All metrics in the HorizontalPodAutoscaler and metrics APIs are specified usinga special whole-number notation known in Kubernetes as aquantity. For example,the quantity 10500m would be written as 10.5 in decimal notation. The metrics APIswill return whole numbers without a suffix when possible, and will generally returnquantities in milli-units otherwise.

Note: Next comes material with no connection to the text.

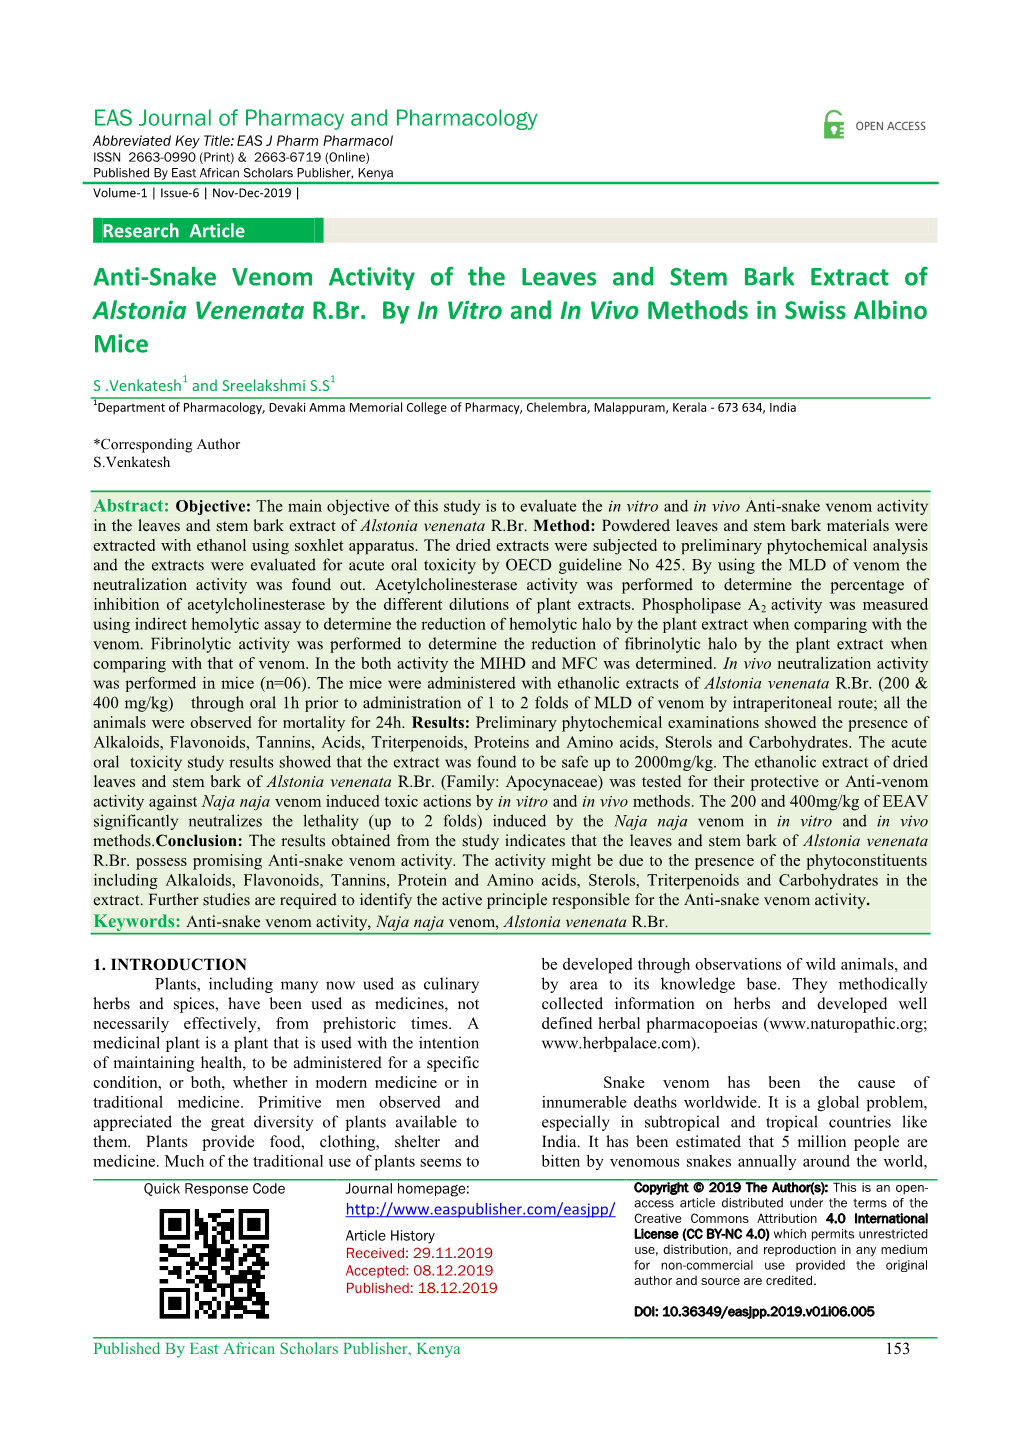 Anti-Snake Venom Activity of the Leaves and Stem Bark Extract of Alstonia Venenata R.Br
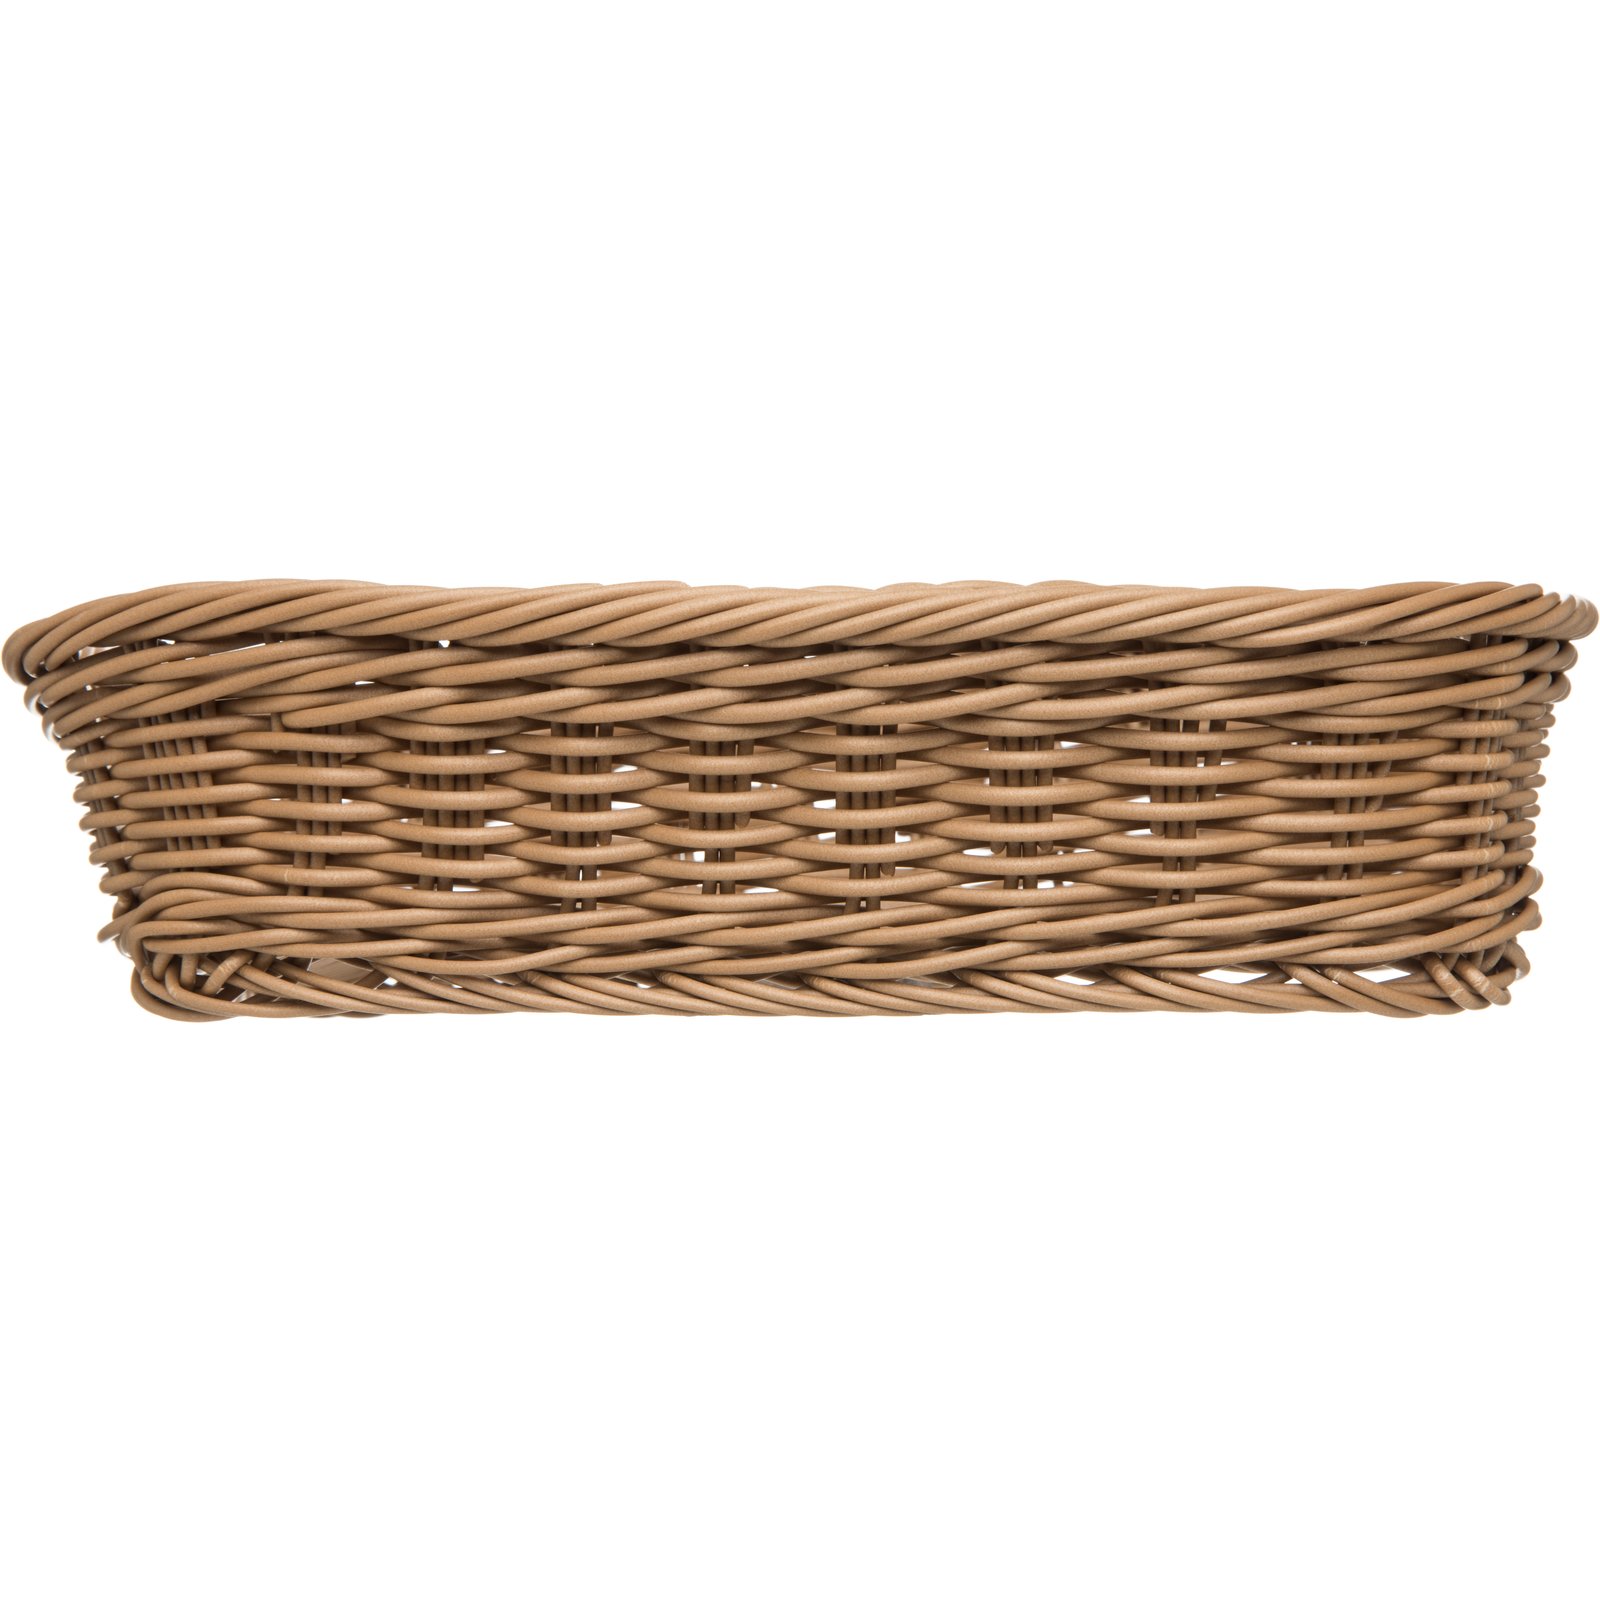 655225 - Woven Baskets Rectangular Basket 11.5" - Tan ...

This means you might see your metric value fluctuatebetween 1 and 1500m, or 1 and 1.5 when written in decimal notation.

Other possible scenarios

Creating the autoscaler declaratively

Instead of using kubectl autoscale command to create a HorizontalPodAutoscaler imperatively wecan use the following manifest to create it declaratively:

apiVersion: autoscaling/v2kind: HorizontalPodAutoscalermetadata: name: php-apachespec: scaleTargetRef: apiVersion: apps/v1 kind: Deployment name: php-apache minReplicas: 1 maxReplicas: 10 metrics: - type: Resource resource: name: cpu target: type: Utilization averageUtilization: 50

Then, create the autoscaler by executing the following command:

kubectl create -f https://k8s.io/examples/application/hpa/php-apache.yaml
horizontalpodautoscaler.autoscaling/php-apache created
HorizontalPodAutoscaler Walkthrough (2024)
Top Articles
learn about medicare prescription coverage
Philasd Zimbra
Dragon Age Inquisition War Table Operations and Missions Guide
Tmf Saul's Investing Discussions
4-Hour Private ATV Riding Experience in Adirondacks 2024 on Cool Destinations
Faint Citrine Lost Ark
Lexington Herald-Leader from Lexington, Kentucky
Here's how eating according to your blood type could help you keep healthy
What Was D-Day Weegy
Our Facility
Palace Pizza Joplin
Housework 2 Jab
Restaurants Near Paramount Theater Cedar Rapids
Craigslist Apartments In Philly
Tcu Jaggaer
Byte Delta Dental
Finger Lakes Ny Craigslist
Dark Chocolate Cherry Vegan Cinnamon Rolls
We Discovered the Best Snow Cone Makers for Carnival-Worthy Desserts
Graphic Look Inside Jeffrey Dahmer
Shreveport City Warrants Lookup
Craigslist Maryland Trucks - By Owner
Directions To Nearest T Mobile Store
3569 Vineyard Ave NE, Grand Rapids, MI 49525 - MLS 24048144 - Coldwell Banker
Poochies Liquor Store
Stickley Furniture
Gopher Hockey Forum
In hunt for cartel hitmen, Texas Ranger's biggest obstacle may be the border itself (2024)
Funky Town Gore Cartel Video
Courtney Roberson Rob Dyrdek
Blush Bootcamp Olathe
Loopnet Properties For Sale
Was heißt AMK? » Bedeutung und Herkunft des Ausdrucks
Brenda Song Wikifeet
Tra.mypatients Folio
Plato's Closet Mansfield Ohio
Mississippi State baseball vs Virginia score, highlights: Bulldogs crumble in the ninth, season ends in NCAA regional
The Boogeyman Showtimes Near Surf Cinemas
Ishow Speed Dick Leak
Skyrim:Elder Knowledge - The Unofficial Elder Scrolls Pages (UESP)
craigslist | michigan
Tyler Perry Marriage Counselor Play 123Movies
Anhedönia Last Name Origin
SF bay area cars & trucks "chevrolet 50" - craigslist
Kutty Movie Net
Foxxequeen
[Teen Titans] Starfire In Heat - Chapter 1 - Umbrelloid - Teen Titans
Yale College Confidential 2027
tampa bay farm & garden - by owner "horses" - craigslist
Colin Donnell Lpsg
Gameplay Clarkston
Swissport Timecard
Latest Posts
Article information

Author: Geoffrey Lueilwitz

Last Updated:

Views: 6505

Rating: 5 / 5 (80 voted)

Reviews: 95% of readers found this page helpful

Author information

Name: Geoffrey Lueilwitz

Birthday: 1997-03-23

Address: 74183 Thomas Course, Port Micheal, OK 55446-1529

Phone: +13408645881558

Job: Global Representative

Hobby: Sailing, Vehicle restoration, Rowing, Ghost hunting, Scrapbooking, Rugby, Board sports

Introduction: My name is Geoffrey Lueilwitz, I am a zealous, encouraging, sparkling, enchanting, graceful, faithful, nice person who loves writing and wants to share my knowledge and understanding with you.